EXERCISE PROMPT: Only the lines below from the one containing "Reminder Clip Art. Reminder Cliparts-Reminder" through the one containing "Kevin McNamee-Tweed.<em> Key" belong in the answer, set down exactly, with the pictures left out.
Start of THE DATA
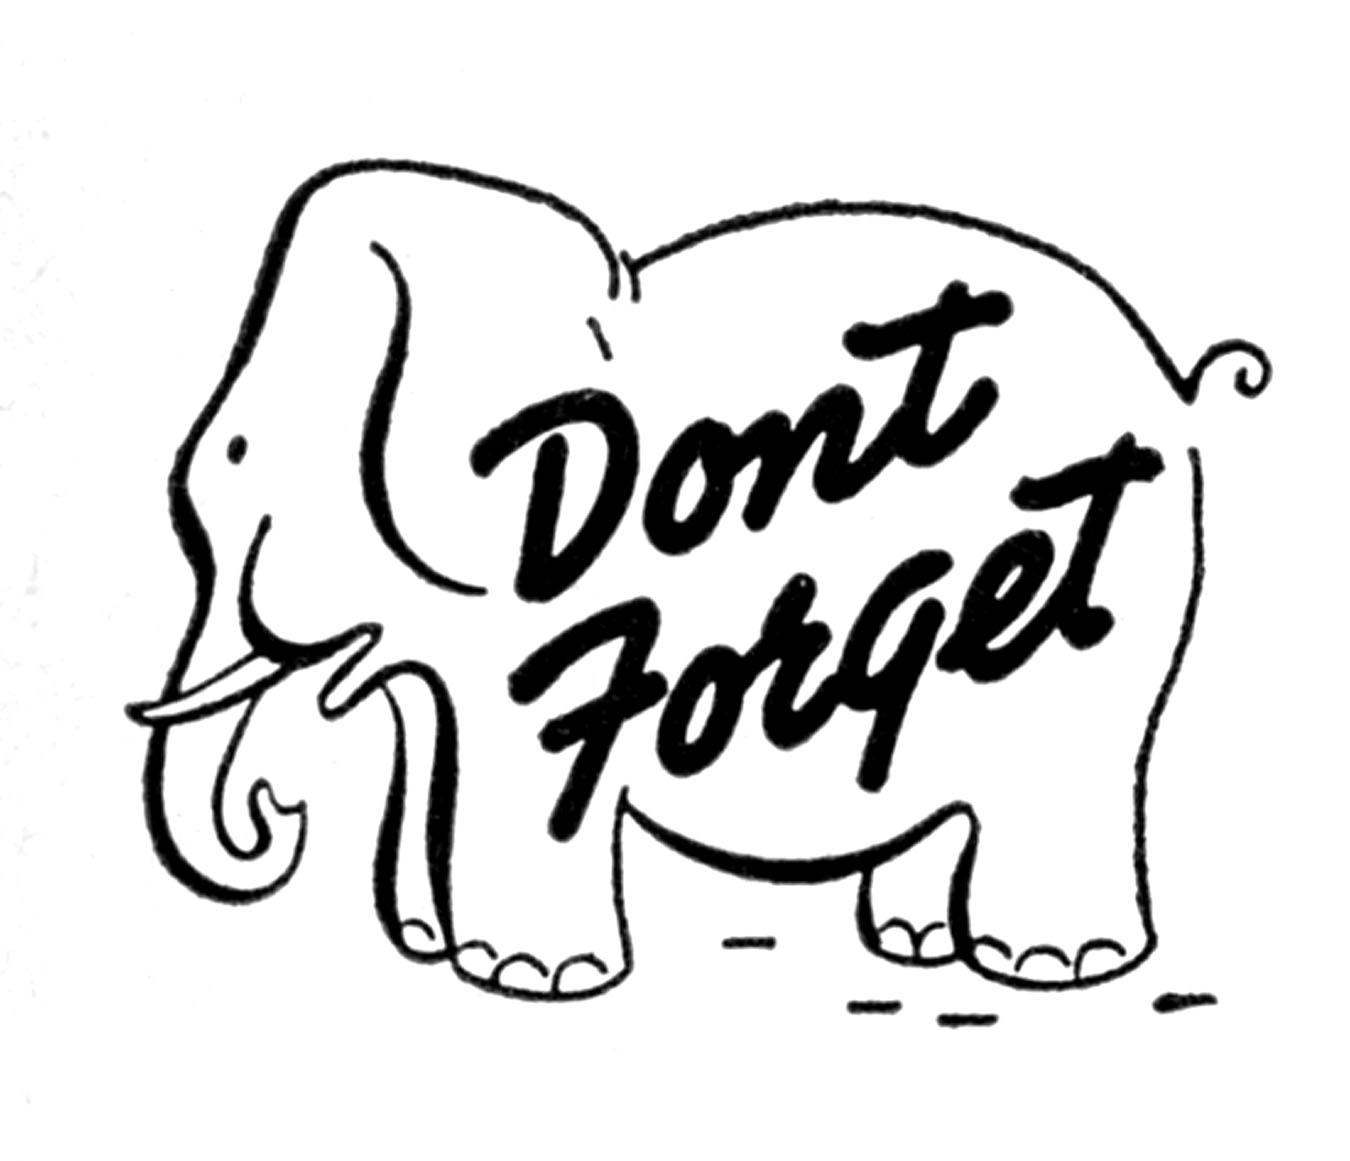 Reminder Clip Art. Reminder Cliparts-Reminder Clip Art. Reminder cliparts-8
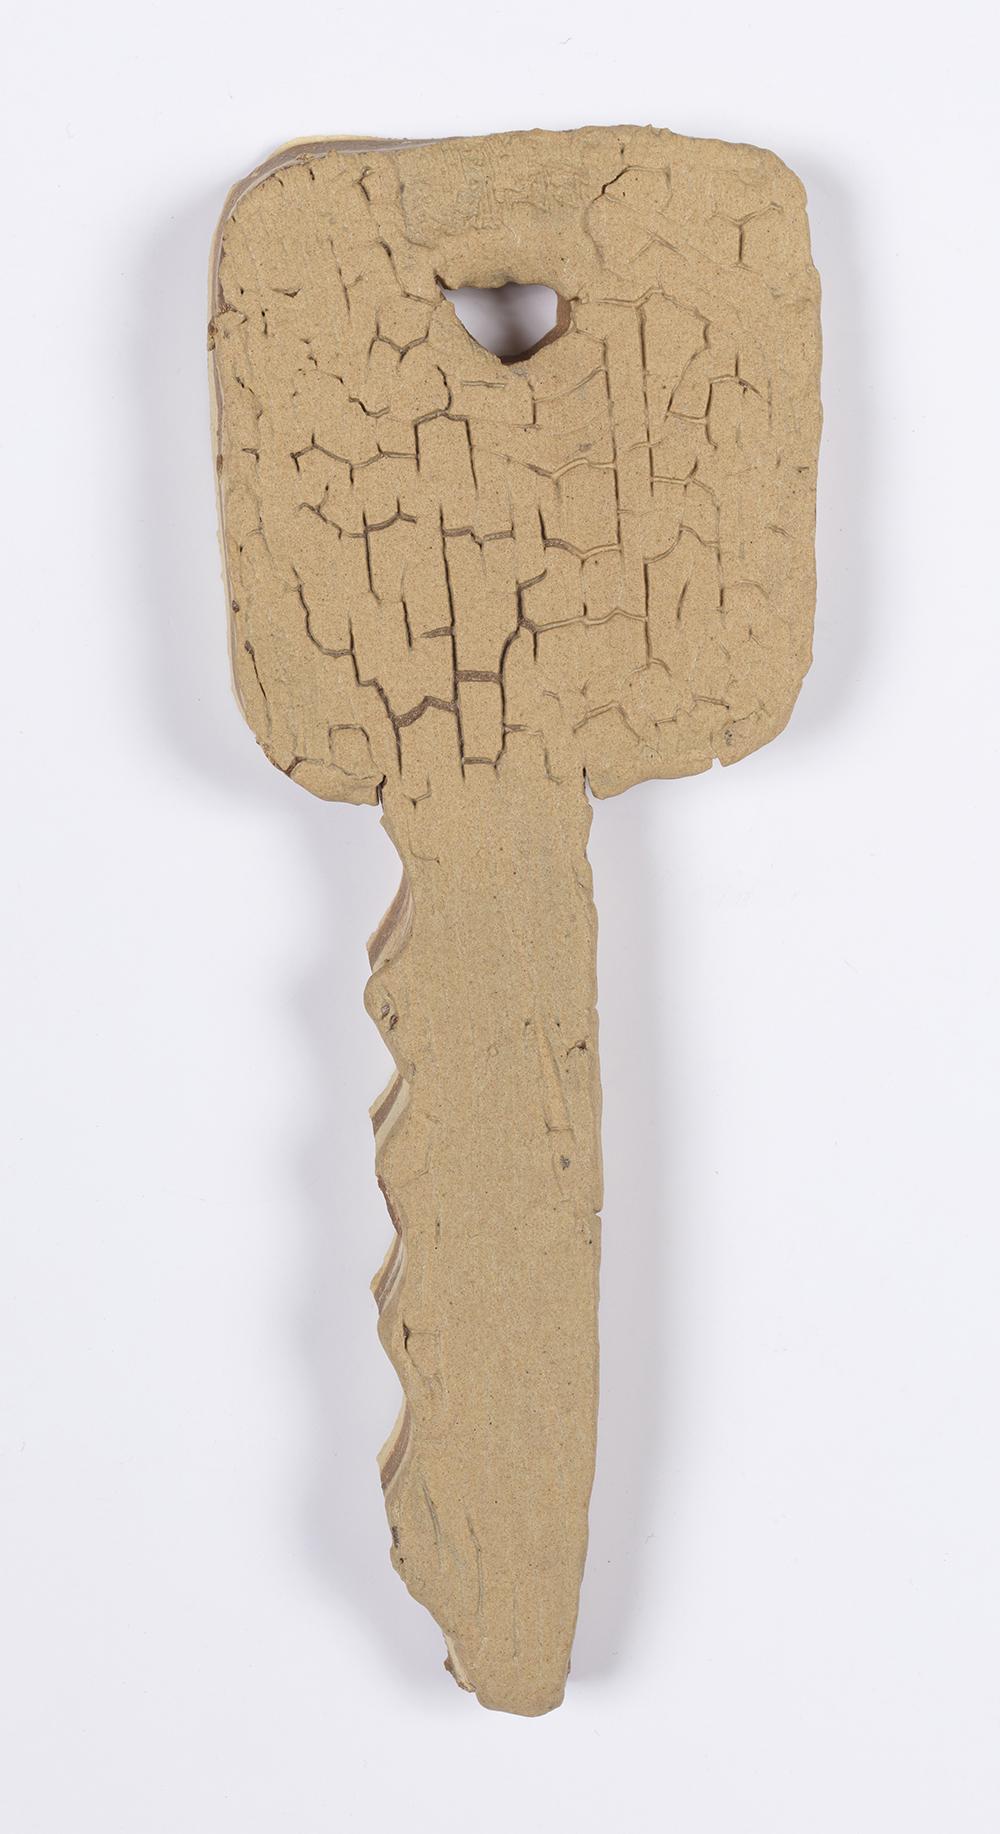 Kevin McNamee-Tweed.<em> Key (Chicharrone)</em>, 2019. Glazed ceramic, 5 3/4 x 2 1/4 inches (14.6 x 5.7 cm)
End of THE DATA
Start of THE DATA
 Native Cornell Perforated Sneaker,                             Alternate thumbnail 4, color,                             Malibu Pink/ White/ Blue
End of THE DATA
Start of THE DATA
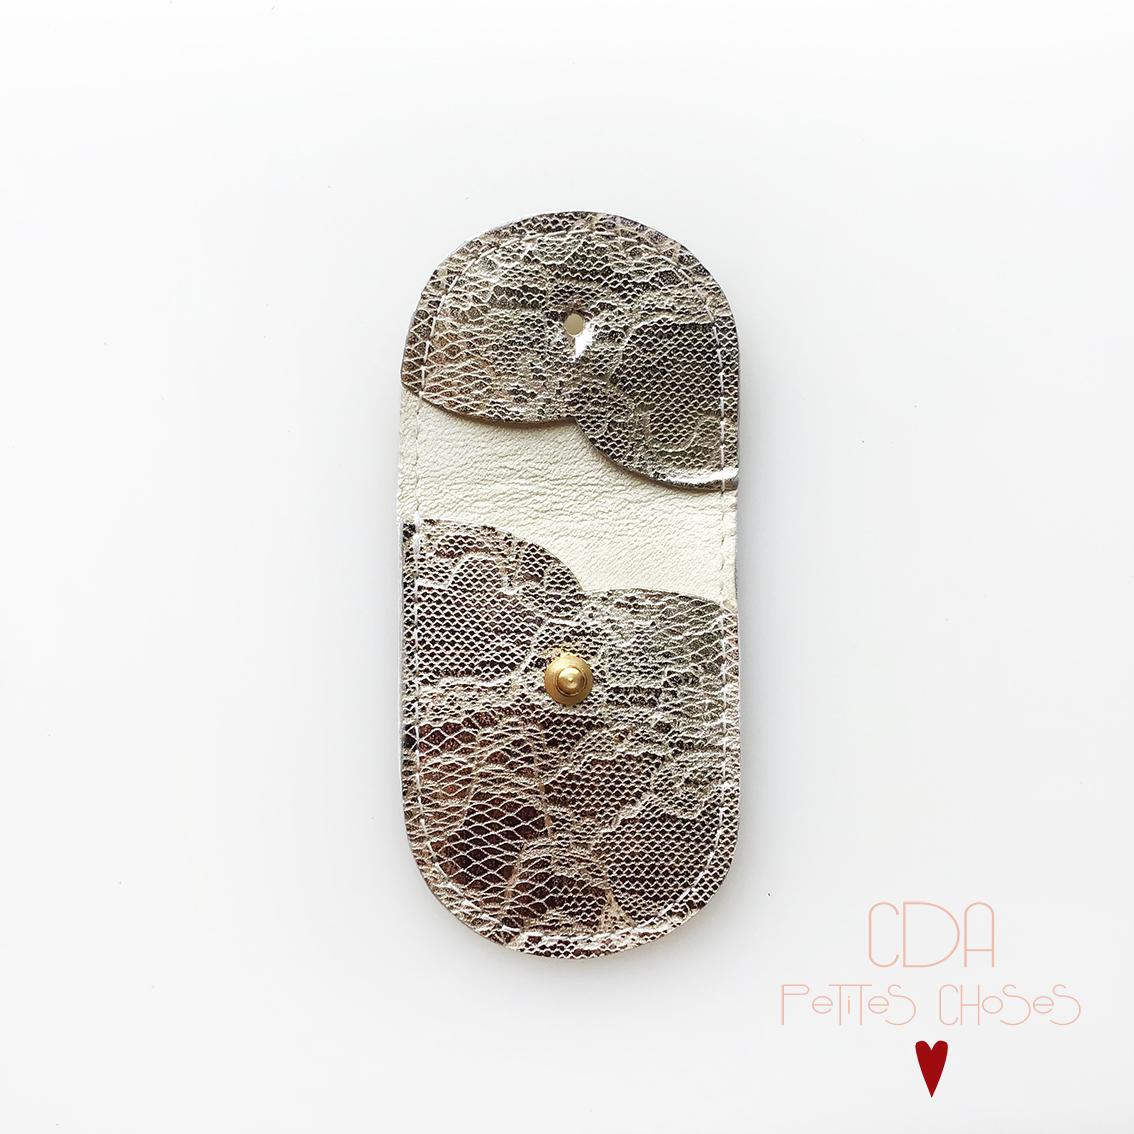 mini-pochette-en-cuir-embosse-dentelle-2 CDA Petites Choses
End of THE DATA
ANSWER:
 Reminder Clip Art. Reminder Cliparts-Reminder Clip Art. Reminder cliparts-8
 Kevin McNamee-Tweed.<em> Key (Chicharrone)</em>, 2019. Glazed ceramic, 5 3/4 x 2 1/4 inches (14.6 x 5.7 cm)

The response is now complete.